■ **Instructions to follow**: Output all entries exactly; images excluded.
---
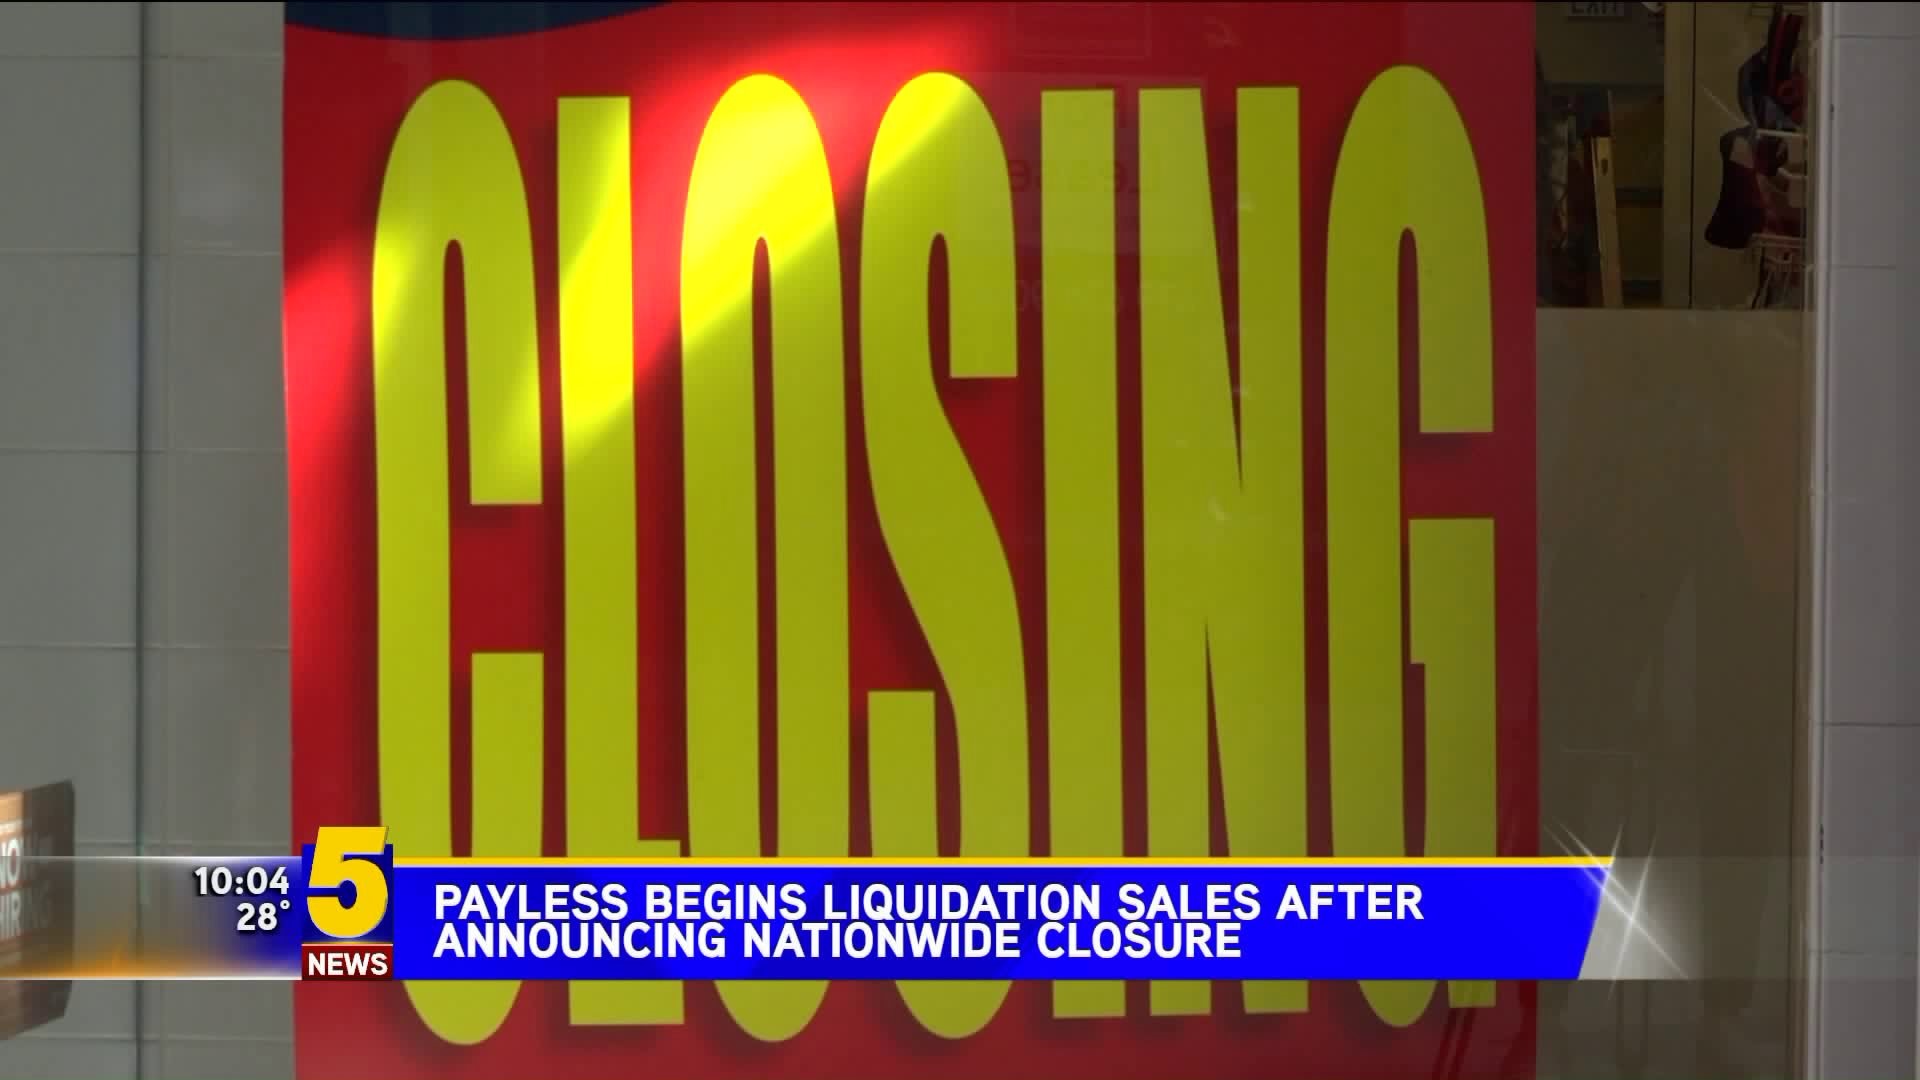 PAYLESS BEGINS LIQUIDATION SALES AFTER ANNOUNCING NATIONWIDE CLOSURE
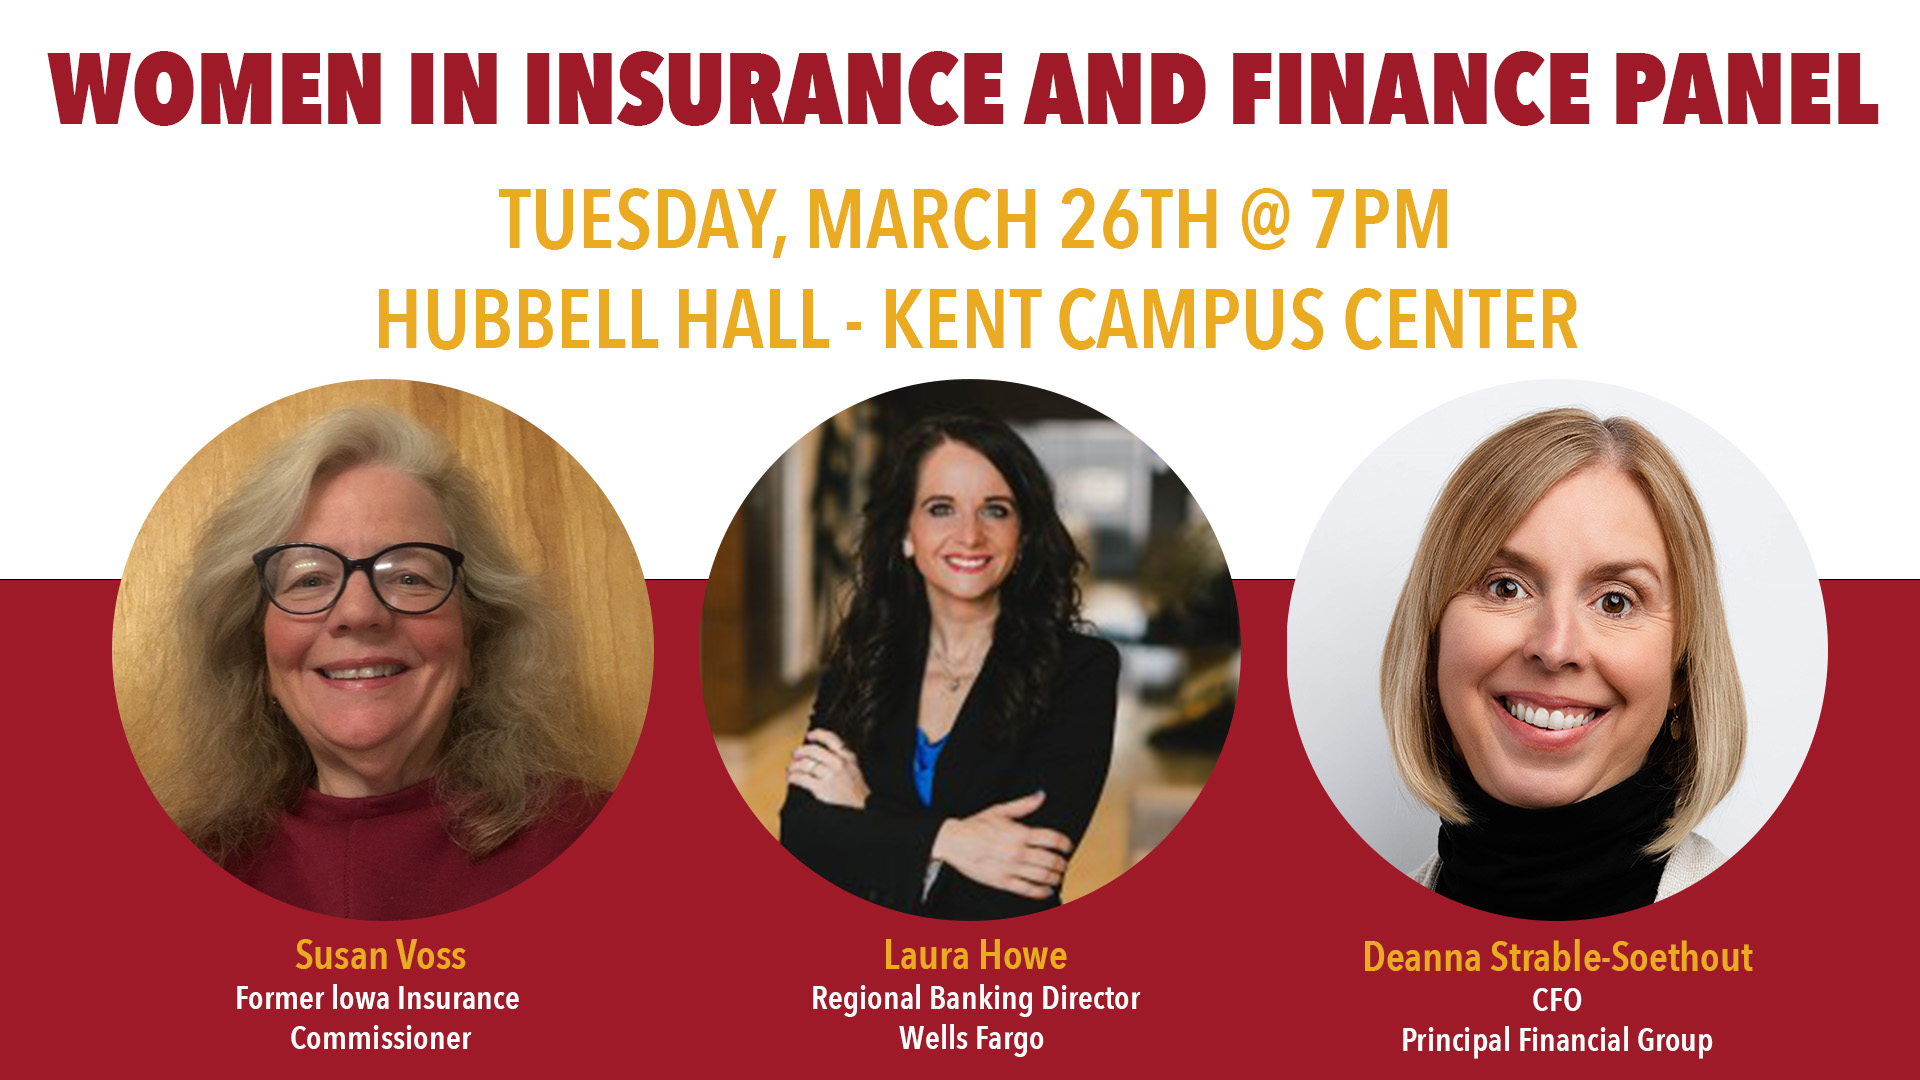 Simpson College to Host Women in Insurance and Finance Panel
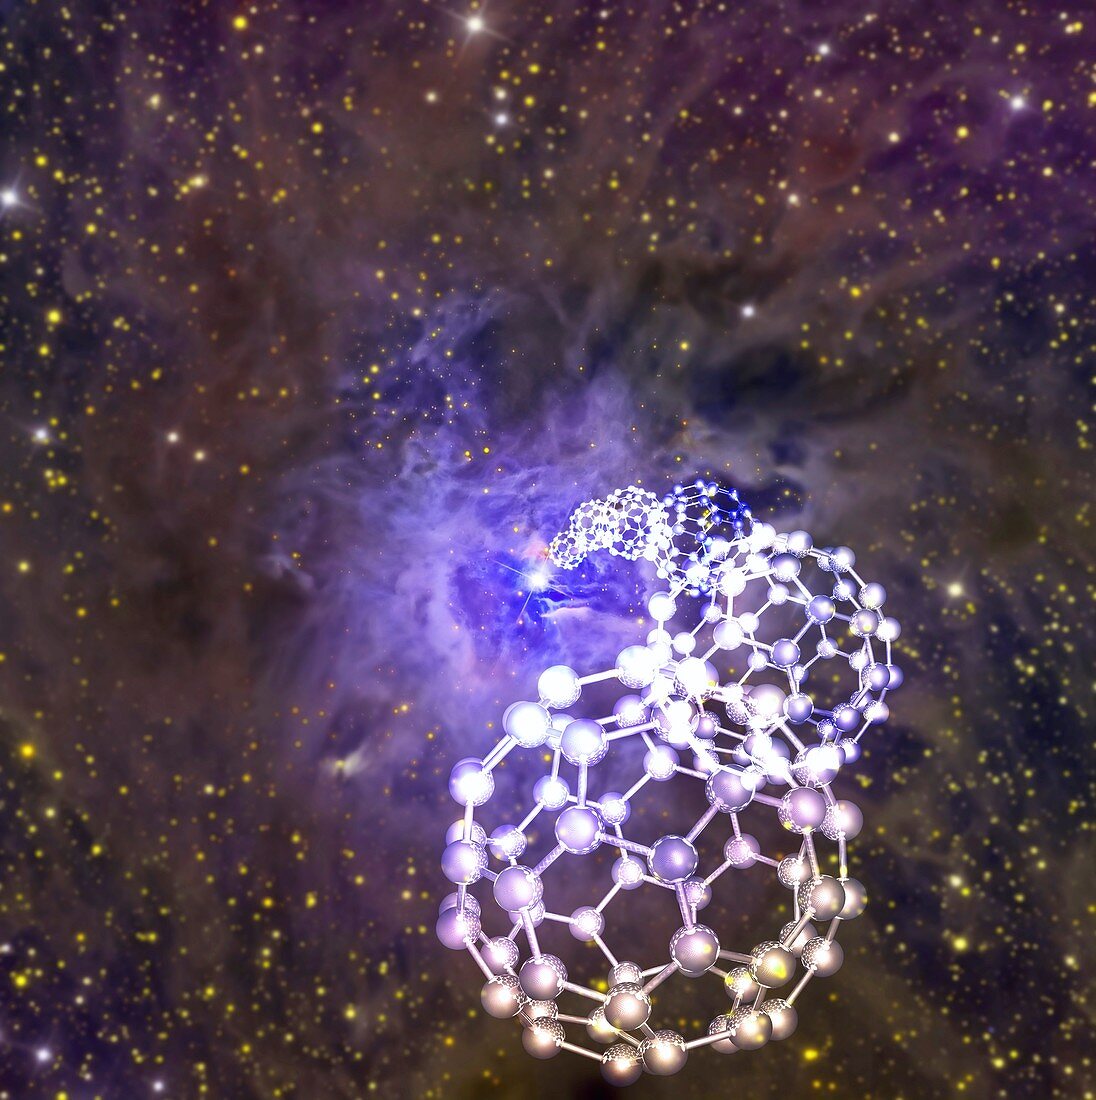 Buckyballs discovered in space, illustration
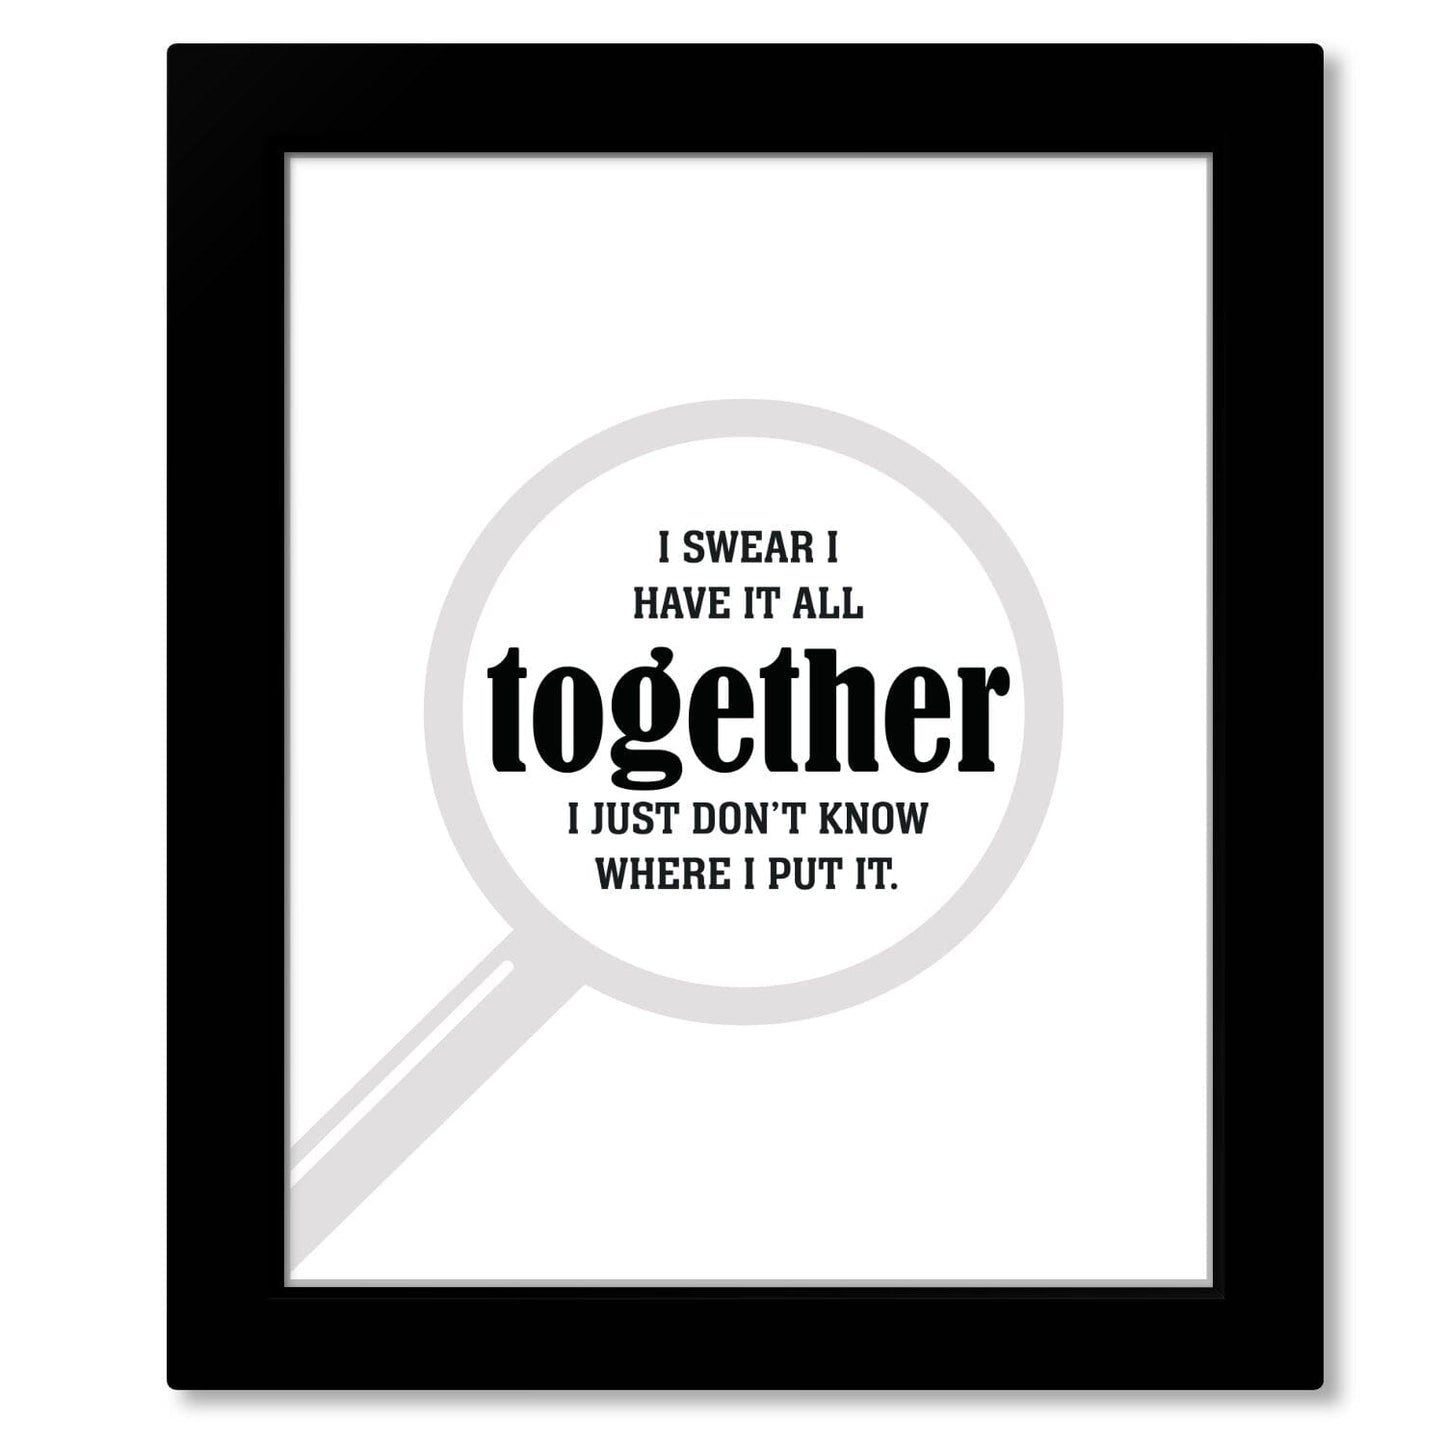 I Swear I Have it All Together - Wise and Witty Quote Print Wise and Wiseass Quotes Song Lyrics Art 
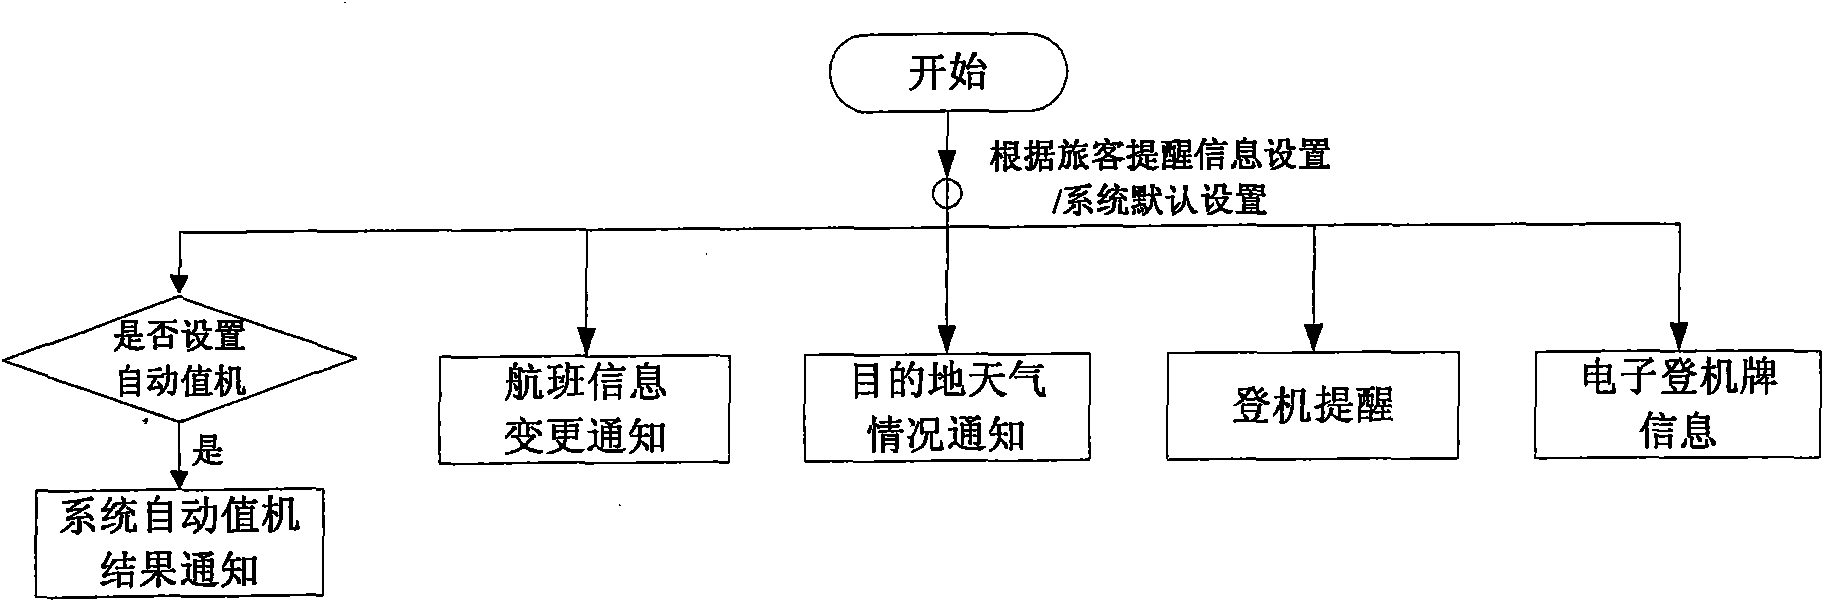 Airline passenger operator system based on second generation resident identification card
---
■ **Task output**:
 PAYLESS BEGINS LIQUIDATION SALES AFTER ANNOUNCING NATIONWIDE CLOSURE
 Simpson College to Host Women in Insurance and Finance Panel
 Buckyballs discovered in space, illustration
 I Swear I Have it All Together - Wise and Witty Quote Print Wise and Wiseass Quotes Song Lyrics Art 
 Airline passenger operator system based on second generation resident identification card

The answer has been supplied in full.